However, the well-defined linear isometry $B(X)\to B(X^*)$, $T\mapsto T^*$ is not surjective in general. Take a non-reflexive Banach space $X$ (like $c_0$, or $\ell^1$) and let $j:X\to X^{**}$ be the canonical inclusion. Since $j$ is not surjective, let $\chi\in X^{**}$ be an element outside of $j(X)$. Fix a non-zero functional $\psi_0\in X^*$ and define an operator $P:X^*\to X^*$ by $P(\phi):=\chi(\phi)\cdot\psi_0$. This is a well-defined, bounded operator (and actually its range is one dimensional, but we dont care about it).
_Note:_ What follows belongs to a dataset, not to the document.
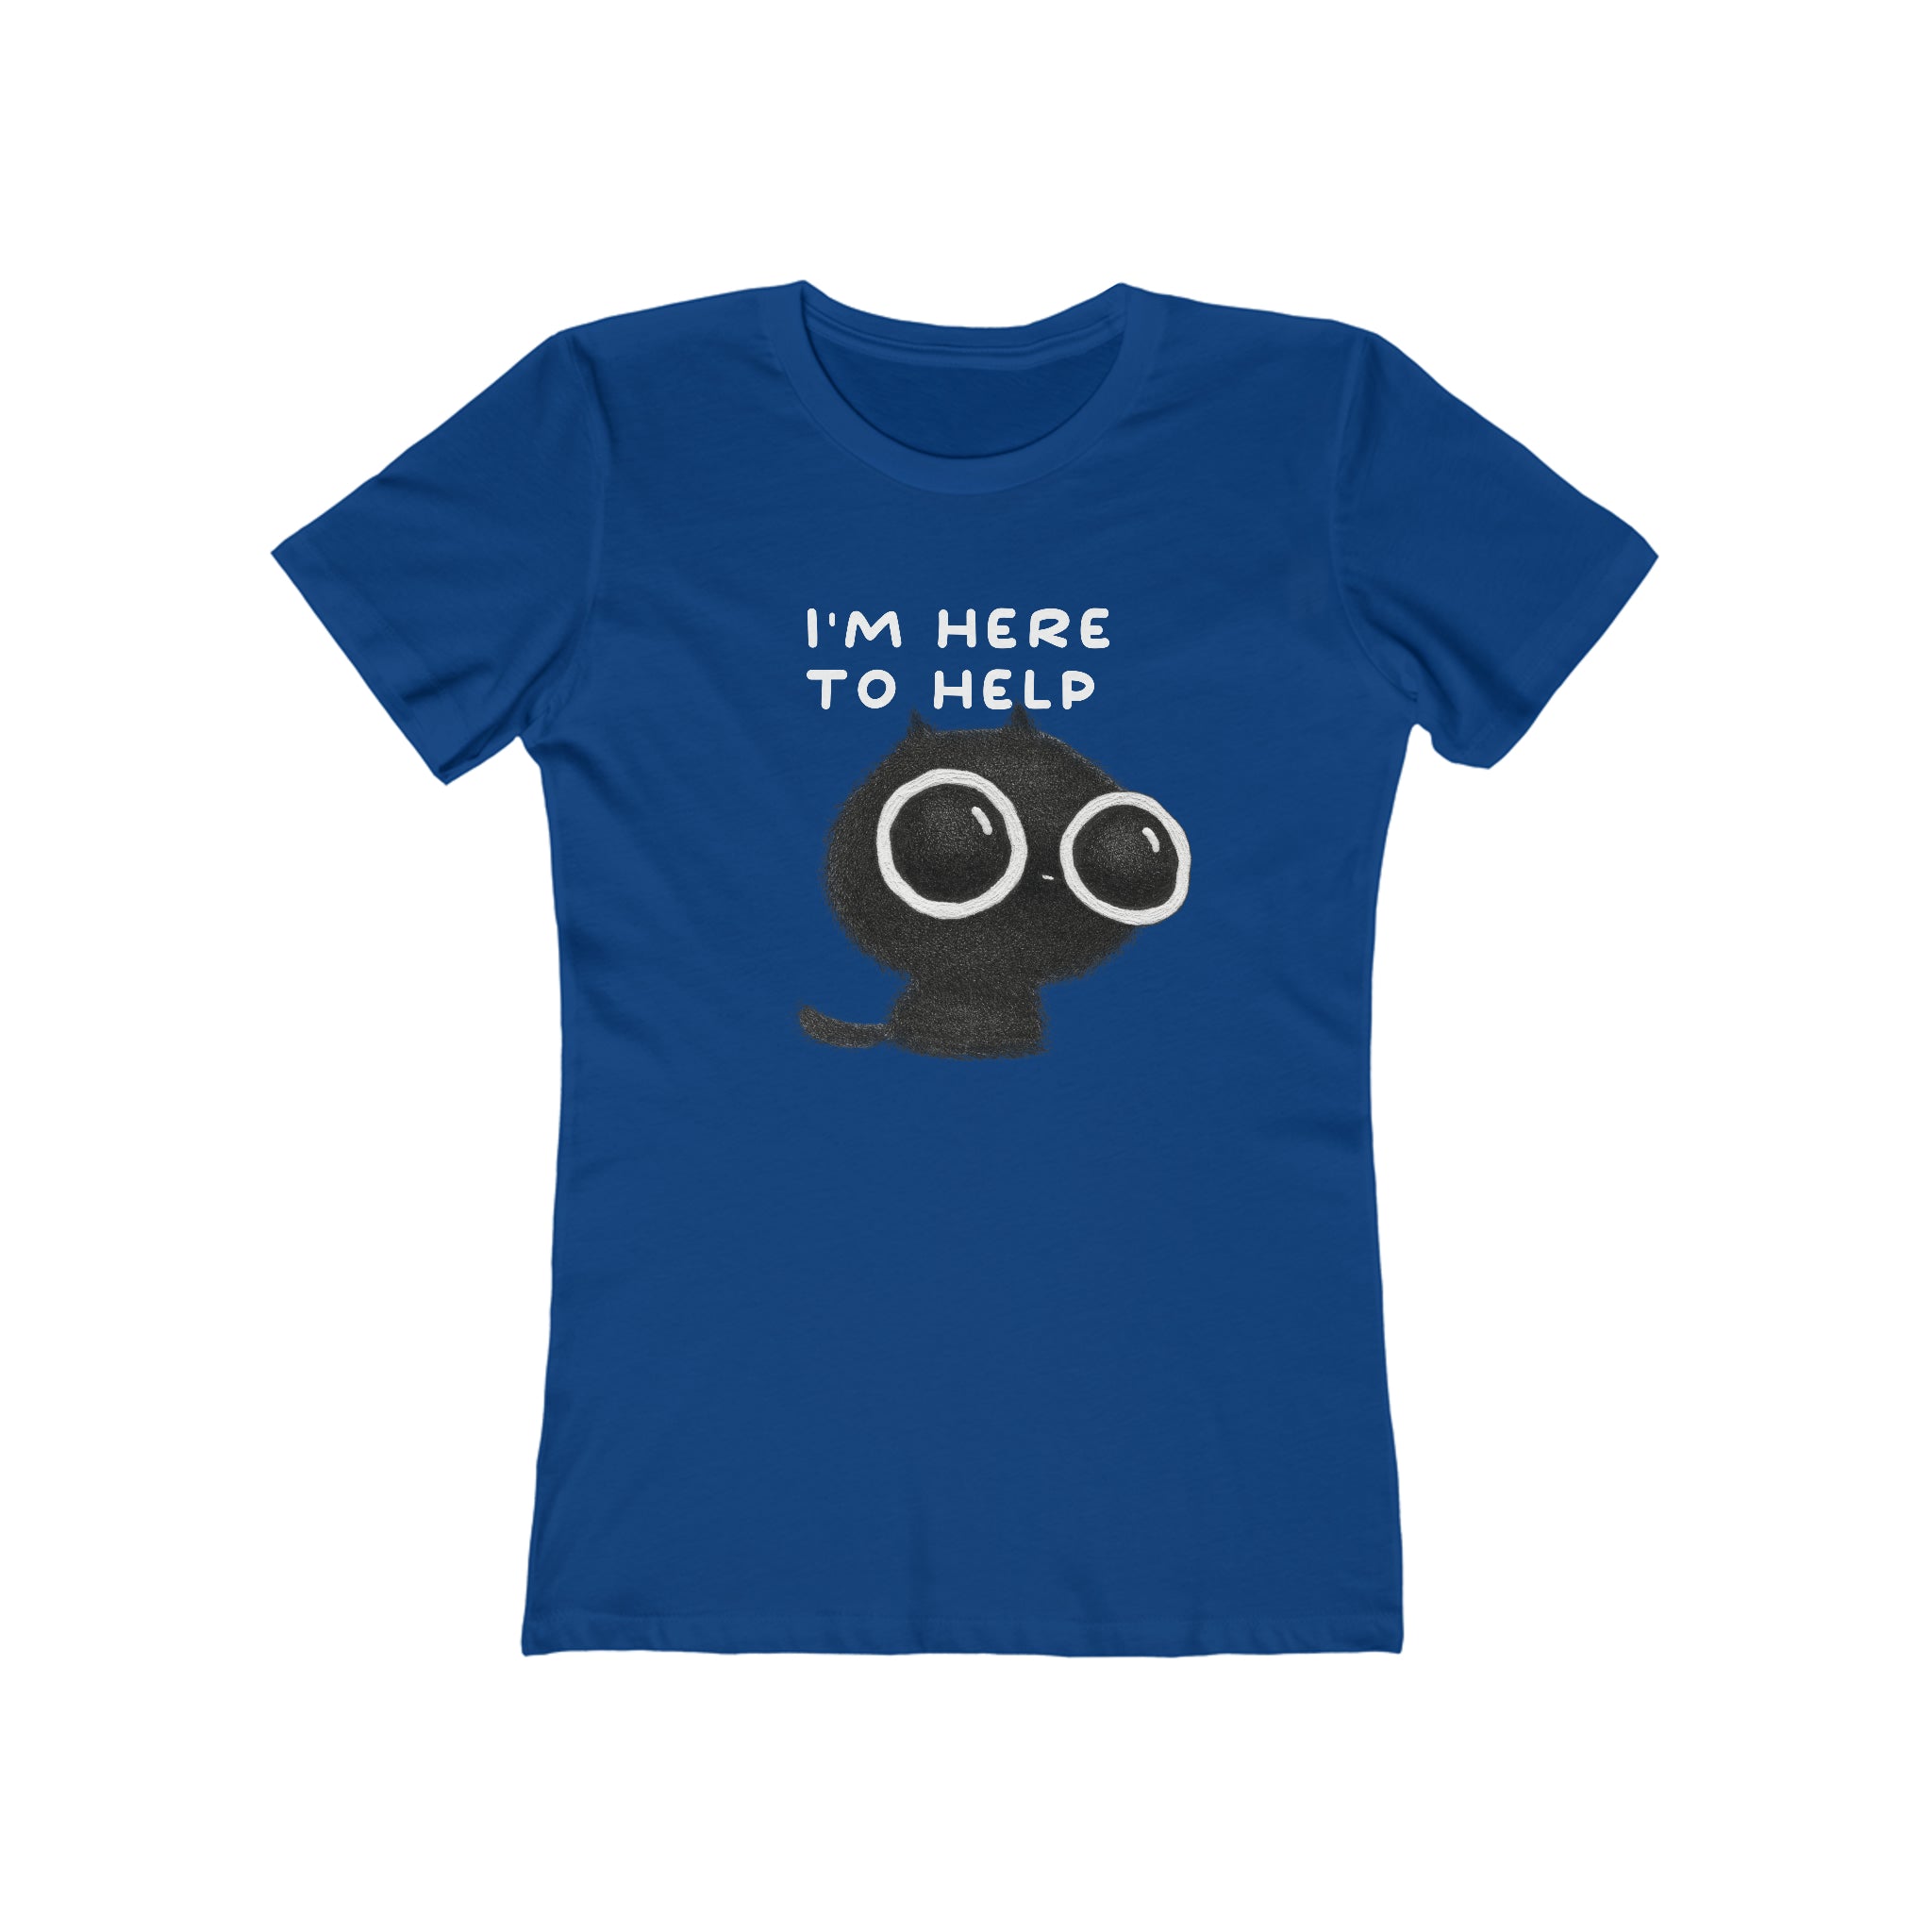 I'm Here to Help : Women's Cotton T-Shirt by Bella+Canvas

Now assume that $P$ is in the range of $\alpha:B(X)\to B(X^*)$, so there exists a bounded operator $T\in B(X)$ such that $P=T^*$, i.e. $P(\phi)=T^*\phi=\phi\circ T$ for all $\phi\in X^*$, so $\phi(Tx)=\chi(\phi)\cdot\psi_0(x)$ for all $x\in X$ and all $\phi\in X^*$. Since $\psi_0$ is non-zero, find $x_0\in X$ such that $\psi_0(x_0)\ne0$. We then have $$\phi(Tx_0)=\chi(\phi)\cdot\psi_0(x_0)$$ and this is true for all $\phi\in X^*$; set $\psi_0(x_0):=\lambda\in\mathbb{C}\setminus\{0\}$. We have just shown that $\chi=\frac{1}{\lambda}j_{Tx_0}=j_{\frac{1}{\lambda}Tx_0}\in j(X)$, which is a contradiction.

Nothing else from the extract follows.